An efficient method to estimate the optimum regularization parameter in RLDA

Motivation: The biomarker discovery process in high-throughput genomic profiles has presented the statistical learning community with a challenging problem, namely learning when the number of variables is comparable or exceeding the sample size. In these settings, many classical techniques including linear discriminant analysis (LDA) falter. Poor performance of LDA is attributed to the ill-conditioned nature of sample covariance matrix when the dimension and sample size are comparable. To alleviate this problem, regularized LDA (RLDA) has been classically proposed in which the sample covariance matrix is replaced by its ridge estimate. However, the performance of RLDA depends heavily on the regularization parameter used in the ridge estimate of sample covariance matrix. Results: We propose a range-search technique for efficient estimation of the optimum regularization parameter.
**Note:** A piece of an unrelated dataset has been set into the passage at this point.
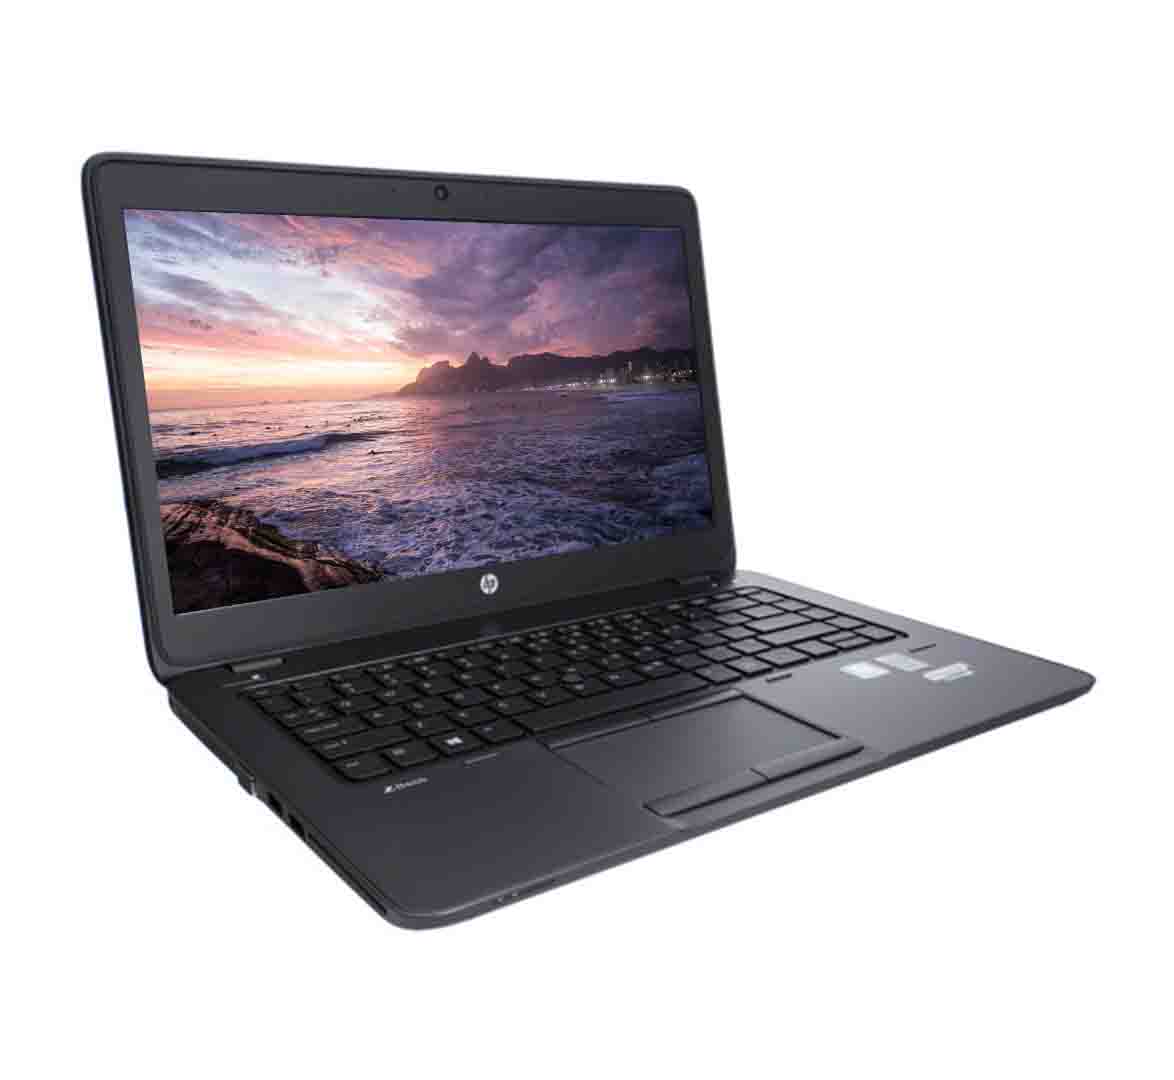 HP Zbook 14 G1, Intel Core i7-4th Gen. CPU, 8GB RAM, 256GB SSD, AMD FirePro M4100, 14.1 inch Display, Windows 10 PRO, Refurbished Laptop

Using an extensive set of simulations based on synthetic and gene expression microarray data, we demonstrate the robustness of the proposed technique to Gaussianity, an assumption used in developing the core estimator. We compare the performance of the technique in terms of accuracy and efficiency with classical techniques for estimating the regularization parameter. In terms of accuracy, the results indicate that the proposed method vastly improves on similar techniques that use classical plug-in estimator. In that respect, it is better or comparable to cross-validation-based search strategies while, depending on the sample size and dimensionality, being tens to hundreds of times faster to compute.